Problem
There is only one character ‘A’ on the screen of a notepad. You can perform one of two operations on this notepad for each step:
Copy All: You can copy all the characters present on the screen (a partial copy is not allowed).
Paste: You can paste the characters which are copied last time. Given an integer n, return the minimum number of operations to get the character ‘A’ exactly n times on the screen.
Testcases
Input: n = 3
Output: 3
Explanation: Initially, we have one character ‘A’.
In step 1, we use Copy All operation.
In step 2, we use Paste operation to get ‘AA’.
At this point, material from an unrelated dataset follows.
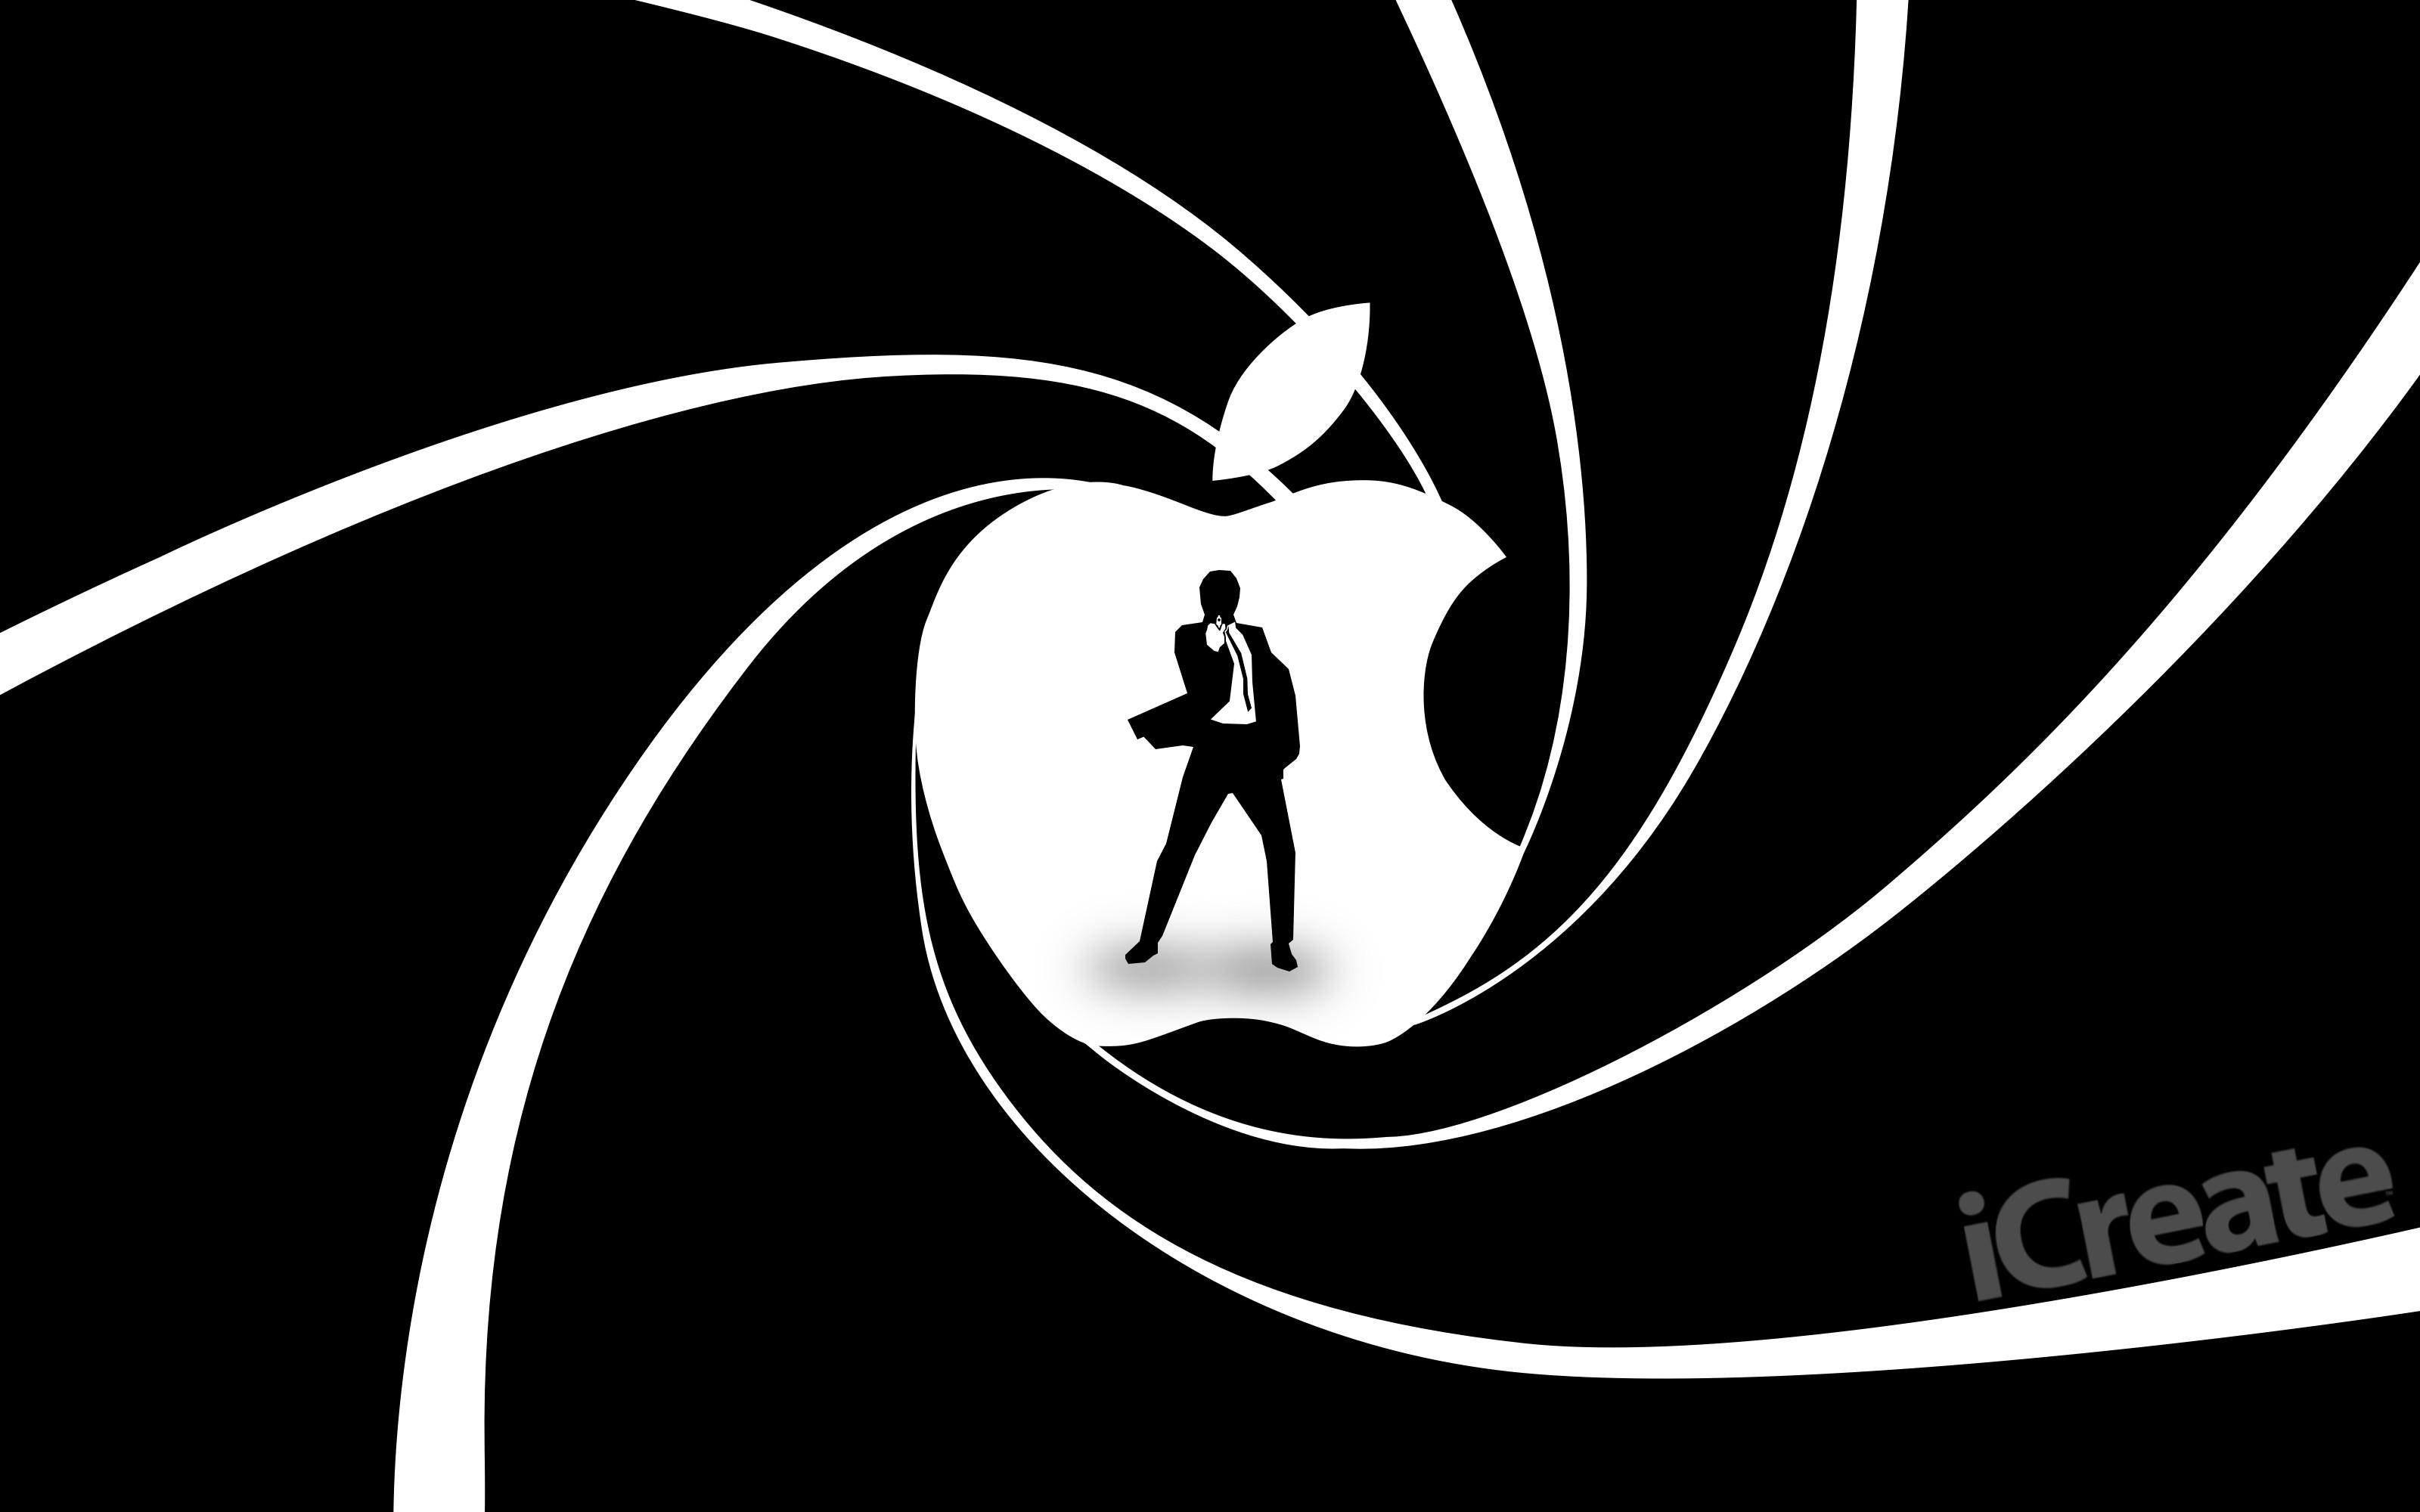 James Bond 007 Wallpaper background picture

In step 3, we use Paste operation to get ‘AAA’.
Initial Result
Time spent: 30 min
Pass with slower but still acceptable backtracking with pruning.
Initial Approach
I performed backtracking and faced a TLE. I purposely failed cases and wrote custom testcases so I could trace cases of n = 20, 30, and 40 by hand. This allowed me to investigate opportunities to prune:
- If clipboard is nonzero and either 1. the total is not divisible by clipboard or 2. the remaining amount is not divisible by clipboard, prune this call
- (Most importantly) If the last call was to update the addend, this call must be to add to the sum instead
What I Missed
There are dynamic programming solutions that allow us to minimize the recursive stack and get away with pruning less.
Approach to the Solution
Our state should be the count of A’s on screen and the clipboard. Our cases are as follows (in each case, we memoize the result before returning):
- if exceeding n, return
float('inf'). - if less than n, we choose between updating our addend (and the immediate step afterwards) or using it. This leads to the following 2 recurrence relations:
1 + backtrack(curr_num + clipboard, clipboard)and2 + backtrack(curr_num*2, curr_num). - if we reach n, return 0 (base case to be added to prefixes from up the call stack).
Key Takeaways
Practice simulation-style DP like this (and writing out the recurrence relations).